The original creators of Superman, Jerry Siegel and Joe Shuster, created Superman as Moses-figure. Superman has since been seen as both a Moses and a Christ-figure. In Hebrew, Kal-El, Superman’s Kryptonian name, means “Voice of God”. In Man of Steel, he is thirty-three years of age when he begins making public his Superhero activities. Another powerful image is when Jor-El (Superman’s Kryptonian father) says to Superman, “You can save all of them.” Superman then extends his arms from his sides in a crucifix before going to save humanity from destruction. The Christ imagery is blunt and obvious.

Another comparison to Christ is the fact that Superman chooses to save humanity. His mother, Martha Kent, states, “Be their hero, Clark. Be their angel, be their monument, be anything they need you to be… or be none of it. You don’t owe this world a thing. You never did.” Superman could easily regret ever coming to earth and forgo the saving of humanity. God could regret that he ever made mankind and flood the earth once again, but he does not! Rather, he willingly submits to suffering:

Do you think I cannot call on my Father, and he will at once put more than twelve legions of angels at my disposal? – Matthew 26:53

No one takes it from me, but I lay it down of my own accord. – John 10:18

But when the goodness and loving kindness of God our Savior appeared, he saved us, not because of works done by us in righteousness, but according to his own mercy. – 1 Timothy 3:4

Superman willingly chooses to save humankind from Doomsday even though he knows that it will cost him his life. Zack Snyder and the concept artists position religious imagery to evoke Superman as the Christ:

Lastly, one of the most striking symbols is the kryptonite spear. A fan asked Zack Snyder on Twitter why Batman, with all the technology he has at his disposal, chose a spear to be the weapon that kills Superman. Zack Snyder responded:

Again, back to the thesis, the general audience, due to theological apathy and biblical illiteracy, did not understand the religious discussion going on within Batman V Superman! When one grasps the imagery and the tough questions that the movie asks, the movie becomes so much more than just a superhero blockbuster movie. It becomes an exploration of the rejection and willful death of the Godman who became incarnate to bear the problem of evil itself and to redeem those who were lost.

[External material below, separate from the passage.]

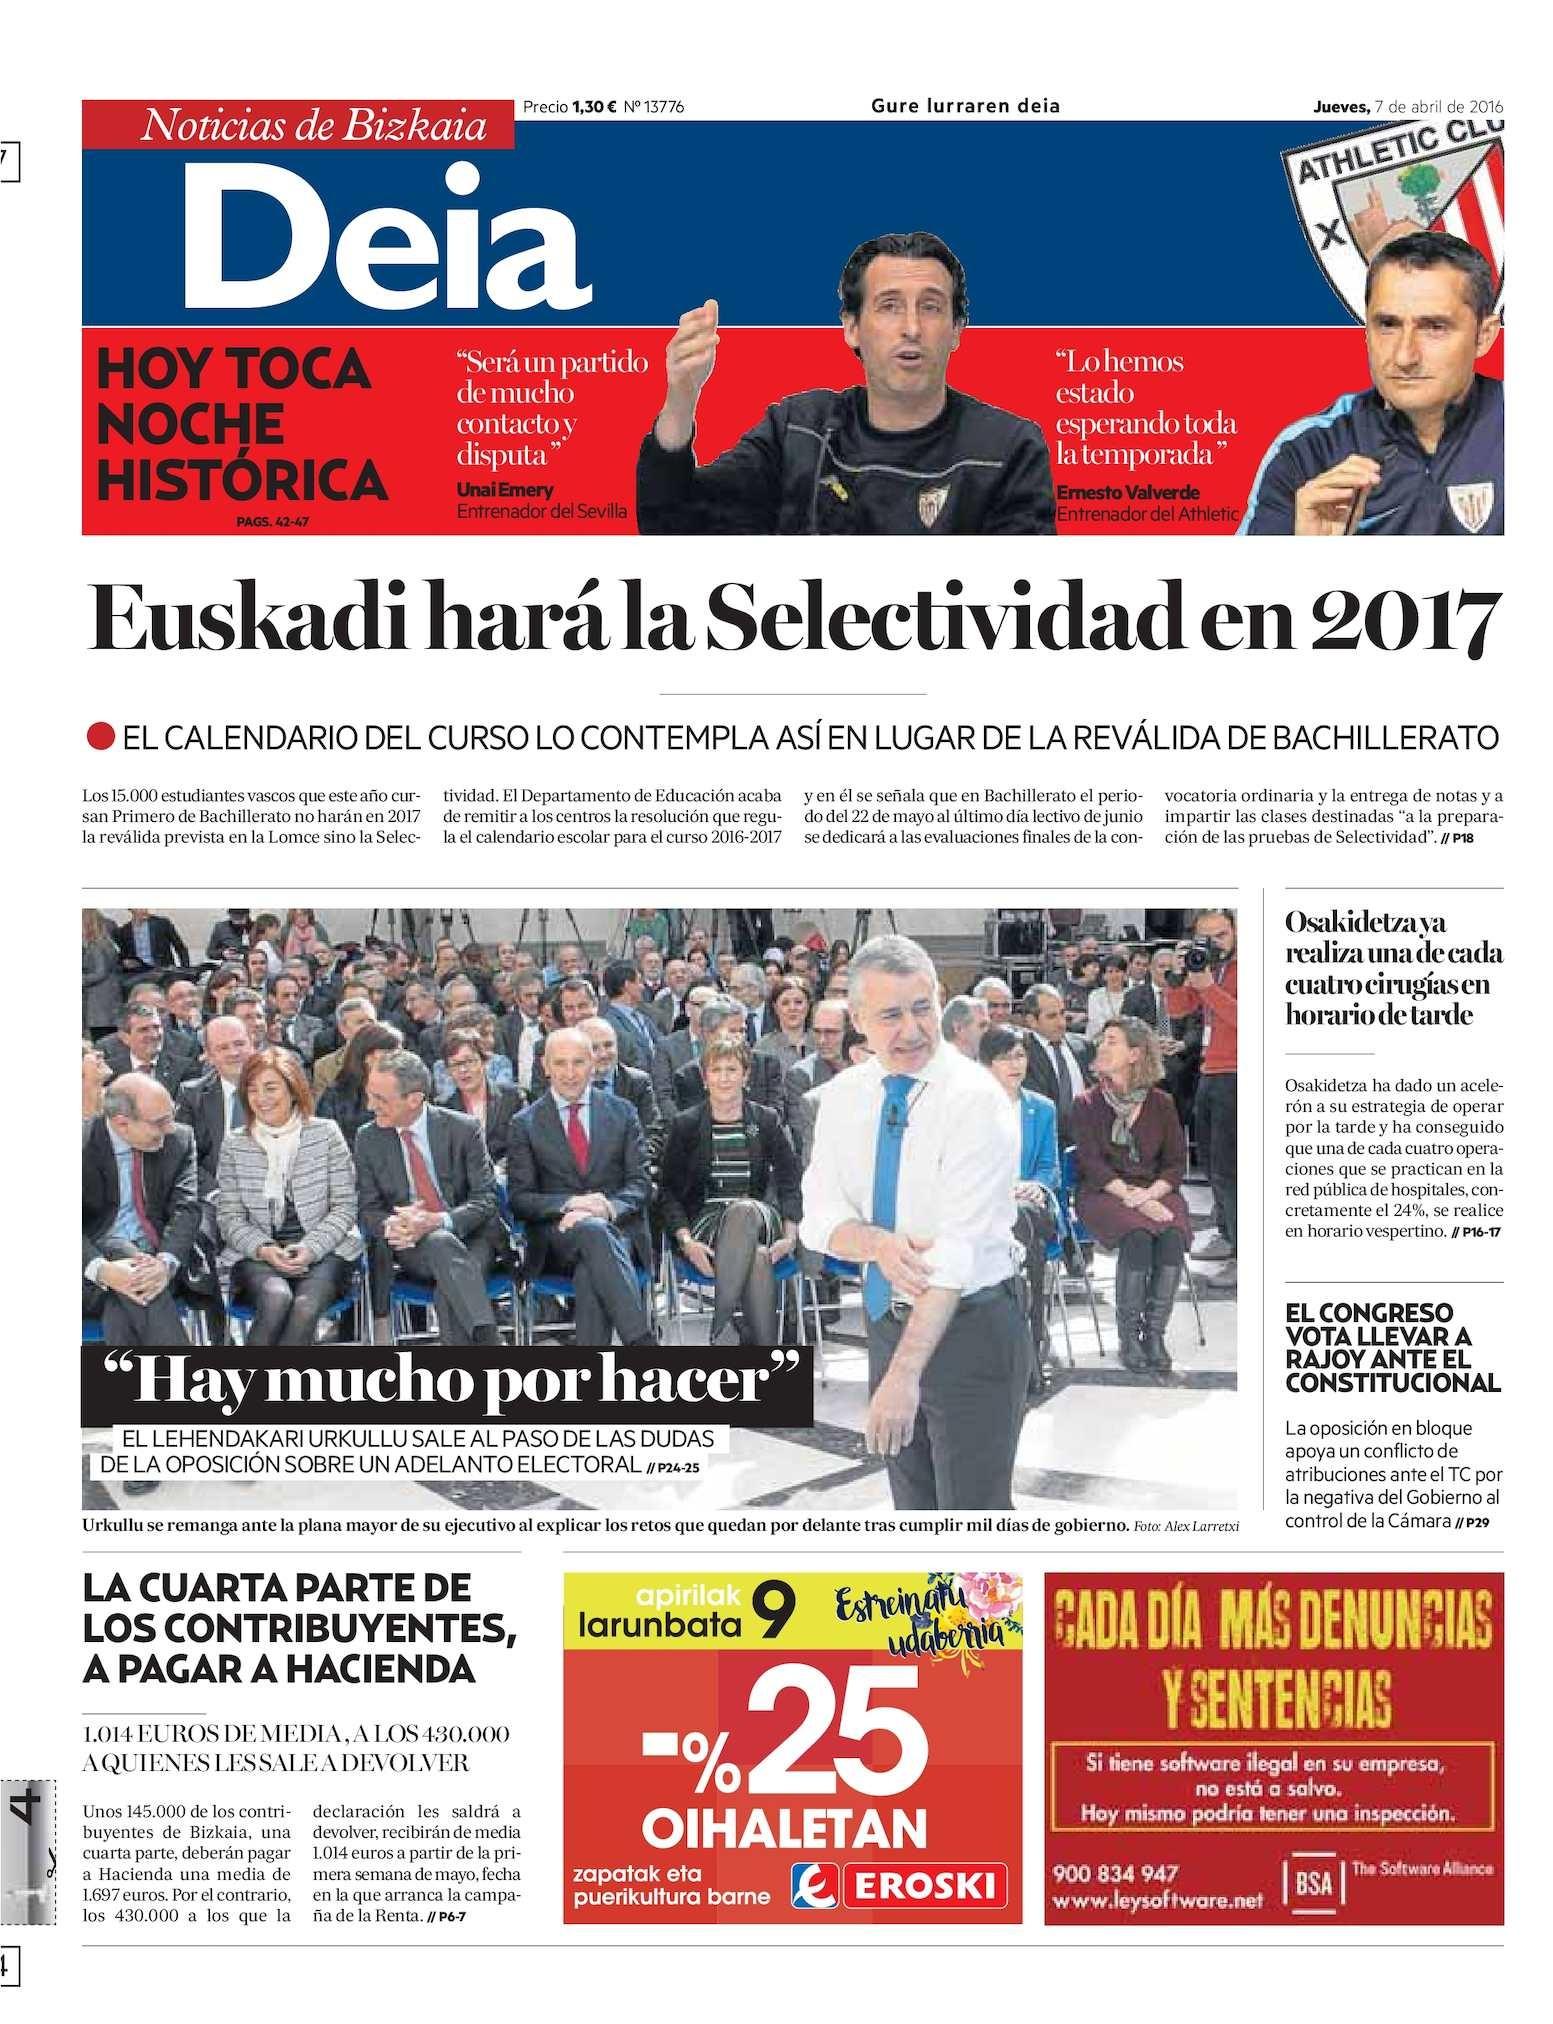 Calendario Escolar 2019 Tenerife Más Caliente Calaméo Deia Of Calendario Escolar 2019 Tenerife Mejores Y Más Novedosos Arona Los Cristianos 2 – Ies Las Galletas

The Justice League as Christian Saints

Batman is the one who was redeemed by the Godman. At Clark Kent’s funeral, the hymn “Amazing Grace” plays in the background. The lyrics go as follows:

Amazing grace how sweet the sound

That saved a wretch like me

I once was lost, but now I’m found

Was blind but now I see

Batman had become cruel; he had become an Übermensch who thought he could will to power his way out of his nihilism. Bruce Wayne was a wretch who branded and killed his enemies, but he was changed by the Godman. One could say that he was as blind as a bat, but now he sees.

Bruce Wayne, while talking to Diana (Wonder-Woman), states, “I’ve failed him… in life. I won’t fail him in death. Help me find the others like you.” Batman, who failed the Godman, is now honoring him with his life and is commissioned to find the others (the Justice League); one could say that he embarks on a great commission to find those that have been called by the death of the Godman, leaving them an example, so that they might follow in the Godman’s steps.

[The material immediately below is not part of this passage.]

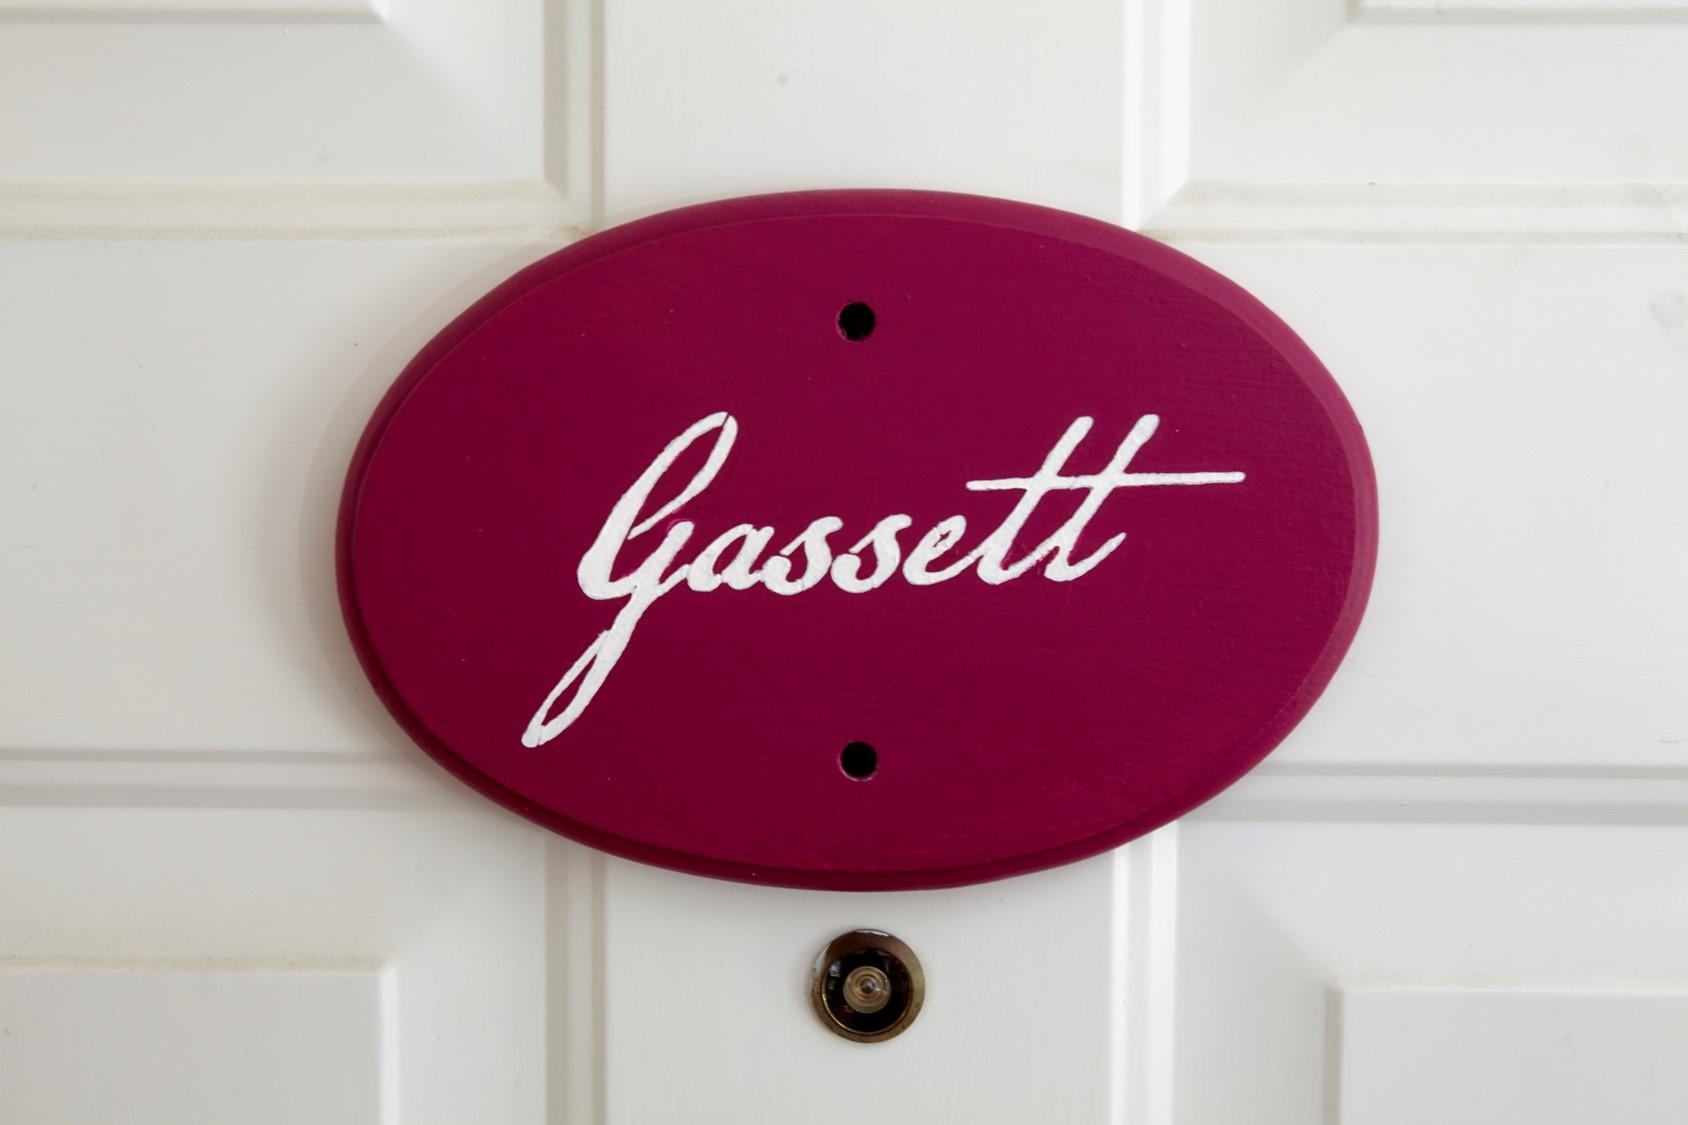 GASSETT

However, the Justice League knows that they cannot do this without Superman. Bruce states in the Justice League, “The world needs Superman… the team needs Clark.” Even the villains know that Superman is needed. Steppenwolf, in the Justice League, only comes to earth due to Superman’s death. He says, “No protectors here. No Lanterns. No Kryptonian. This world will fall, like all the others.” Without Christ, our world will fail. But Bruce knows that the death of the Godman is not where the story ends.

The Second Coming

In the ultimate edition of Batman V Superman, the Priest during Clark Kent’s funeral cites Isaiah 26:19: “But your dead will live, LORD; their bodies will rise — Let those who dwell in the dust wake up and shout for joy — your dew is like the dew of the morning; the earth will give birth to her dead.”

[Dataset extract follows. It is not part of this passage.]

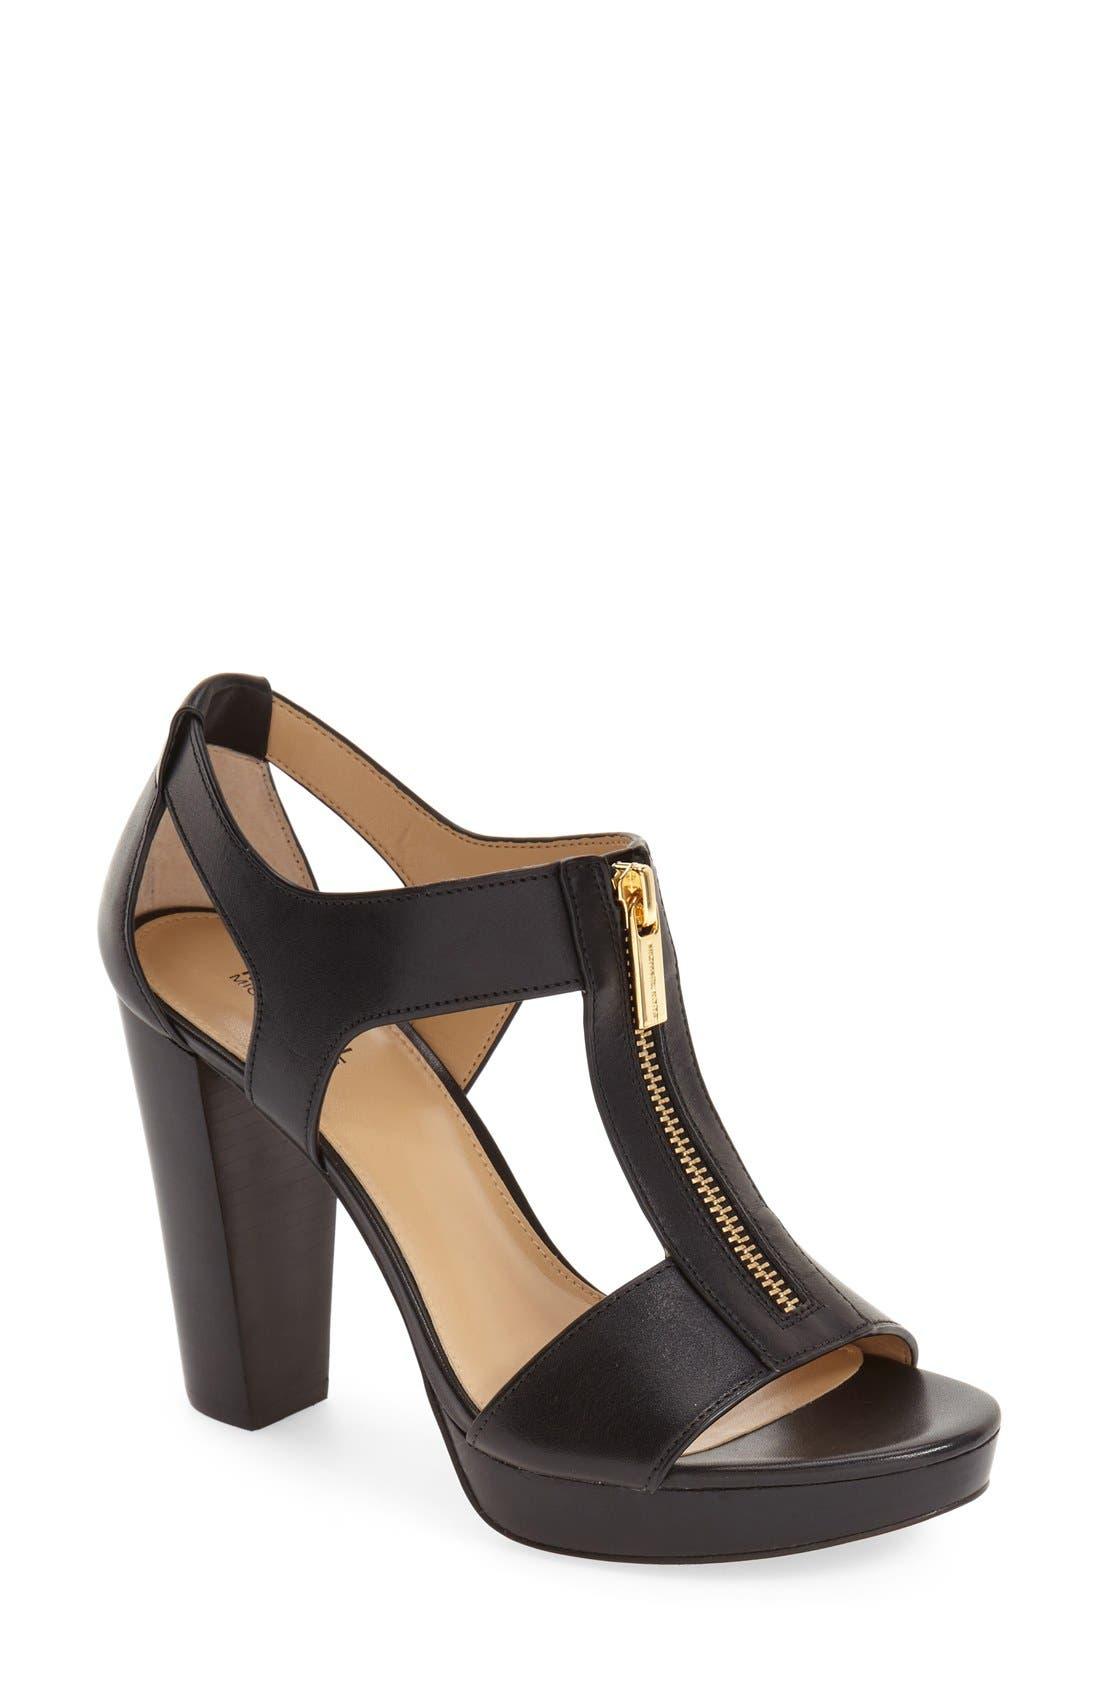 Berkley Zipper Platform High-Heel Sandals in Black

In the Justice League, Bruce Wayne and the team believe that Superman will be resurrected and will come again. Alfred asks Bruce how he knows this, and Bruce responds, “Faith, Alfred, Faith.” Now, contrast this with where our current culture is at. I find a quote from Friedrick Nietzsche to be helpful:

‘Whither is God?’ he cried; ‘I will tell you. We have killed him – you and I. All of us are his murderers… Whither is it moving now? Whither are we moving? Away from all suns? Are we not plunging continually? Backward, sideward, forward, in all directions? Is there still any up or down? Are we not straying, as through an infinite nothing? Do we not feel the breath of empty space? Has it not become colder? Is not night continually closing in on us? Do we not need to light lanterns in the morning? Do we hear nothing as yet of the noise of the gravediggers who are burying God? Do we smell nothing as yet of the divine decomposition? Gods, too, decompose’.2

The beginning question, “after 75 years, is Superman still our hero?” is one that I think our culture answers in the negative. In the Justice Leage, Superman returns and states to Steppenwolf that he is a fan of truth and justice. In our postmodern world, truth and justice do not exist; rather they are merely social constructions. For us in the west, we live in a post-Christian world. This drift away from the Christian story has brought along with it skyrocketing numbers of nihilistic behaviors. It has brought with it a meaning crisis where we are drifting in purposelessness. It has brought a world where the death of our loved ones feels meaningless and which forces us to will-to power fake meanings to cope with the Problem of Evil or forfeit, because there is no problem to be fixed, since problems imply purpose and teleology to which our current story provides none. We now live in a world where demons flourish because they smell the “decomposing God” that we have “killed”.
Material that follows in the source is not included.